Я был настроен продолжать осторожные отцовские сентенции, но пришли друзья, подхватили нас, закружили в танце, и мы влились в толпу, а она как лес (так, кажется, говорил Мигель Упамуно), она все ставит на свои места: мы перестали быть зрителями фиесты, а стали ее участниками, и не было в ту ночь ни одного человека в Памплоне, который бы просто глазел на процессии, сменявшие одна другую, на великанов, вышагивавших на ходулях, на транспаранты со смешными рисунками, на певцов — а им был каждый.

Переводить их песенки нельзя — скорее не надо, — потому что детская незамысловатость слов, соединенная с музыкой, тоже незамысловатой, вкупе рождает постоянное ощущение праздника. Разъединение души (которой конечно же нет) с телом (которое — очевидная данность) символизирует смерть — тоже относимо к песенкам фиесты, и если даже я приведу ноты этих песенок, все равно ничего не получится, потому что надо воочию увидеть, чтобы понять истинный смысл народного праздника.

— Нас как по реке несет, — сказала Дунечка, — словно на быстрину попали.

И точно, нас несло по узкой горловине улицы, освещенной яркими огнями иллюминации, несло так, что каждый мог ощутить невозможность, но сейчас в этой невозможности вырваться из потной, устремленной в никуда, песенной и танцующей толпы не было страха, который обычно сопутствует тому моменту, когда ты ощутил, что не можешь.
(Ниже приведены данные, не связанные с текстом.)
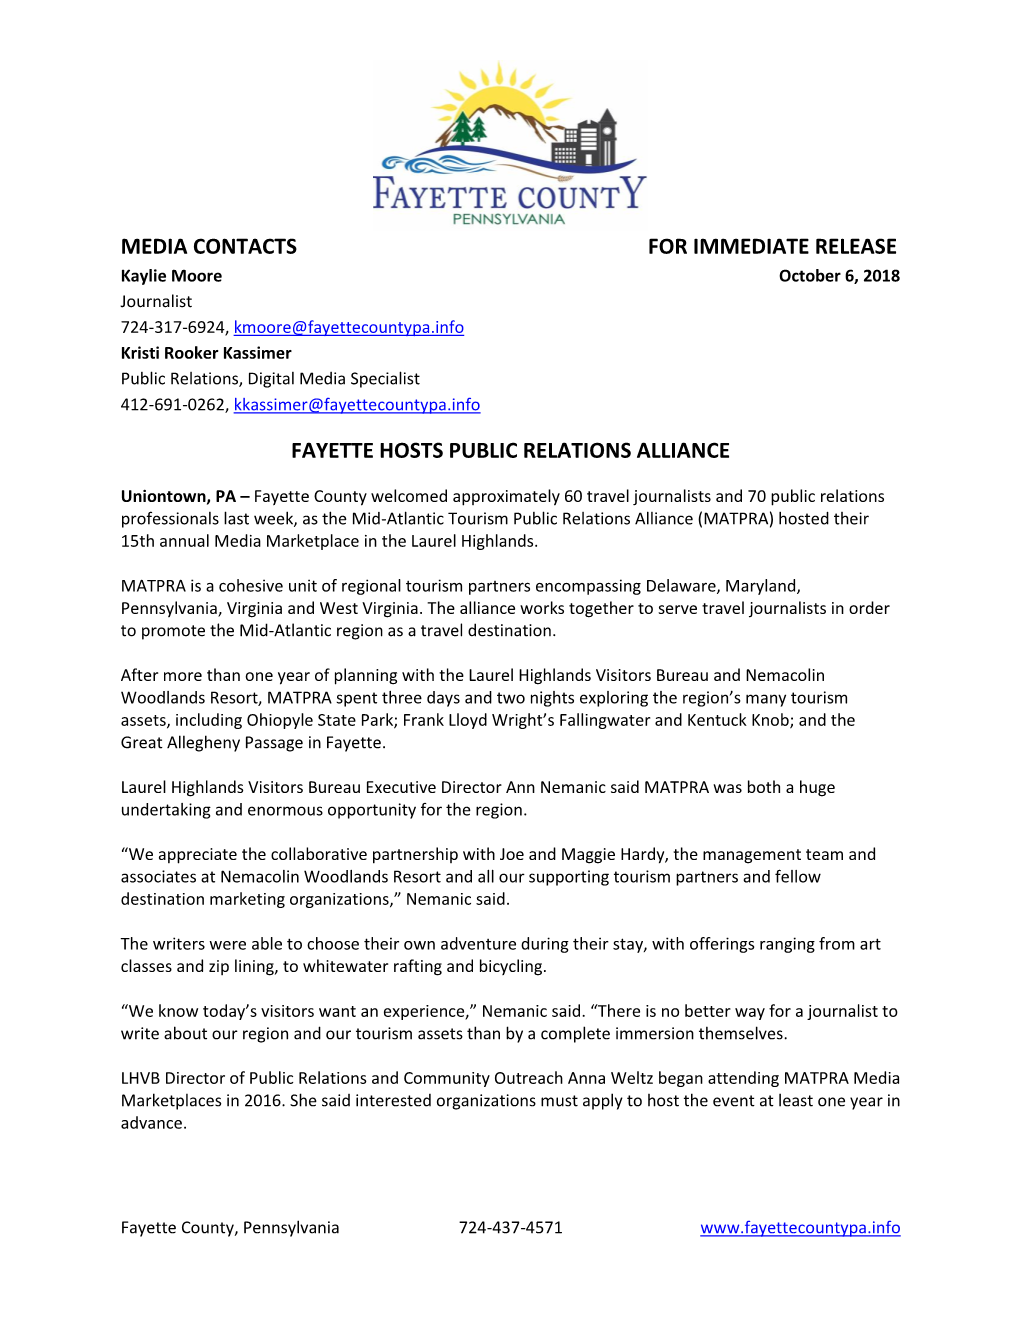 Media Contacts for Immediate Release Fayette Hosts

Наверное, в Кетчуме, в ночь, когда Старик собрал свое ружье и вытер большой сухой ладонью те два патрона, которые подвели черту, он думал о разностях невозможного: когда в Памплоне нельзя прервать праздник, выйти из него, спрятаться, отделить себя от сотен тысяч людей в белых костюмах, закапанных красным вином, и когда нет сил продолжать праздник, если ты наедине со столом и перед тобой чистый лист бумаги, а ты не можешь писать или чувствуешь, что делаешь не то и не так, — это ощущение невозможного рождает трагедию, дописать которую могут люди большого мужества, как Хемингуэй. Остальные цепляются за настоящее или насилуют бумагу и теряют свое прошлое, а нет ничего страшнее потери прошлого — это как предательство, а ведь предают целые поколения, которые воспитывались на тех образах и идеях, которые создал художник в пору своего расцвета.

Ночью мы пришли в кабачок Лас Пачолас. Старик заглядывал сюда со своими друзьями отведать кочинильо — молодых поросят и выпить росадо из Наварры. Рядом с ним всегда был Ордоньес, герой Кровавого лета, сын Ниньо де ля Пальма, лучшего матадора в пору юности Хемингуэя, который известен всему миру под именем Педро Ромеро — девятнадцатилетний мальчик, который нежно любил Брет Эшли, метавшуюся в жизни оттого, что тот, кого она любила по-настоящему, не мог быть с ней — близко, рядом, совсем, так, чтобы была тишина и безлюдье, и чтобы исчезло все окрест, и чтобы два дыхания стали одним. Мы пришли поздней ночью, а может быть, ранним утром, и за столом сидели мои друзья. Когда было сказано много тостов — баски и грузины до сих пор дискутируют, кто от кого произошел: баски от батумцев или наоборот, но тосты они сочиняют одинаково хорошо, — Хуан попросил Дунечку сказать спич.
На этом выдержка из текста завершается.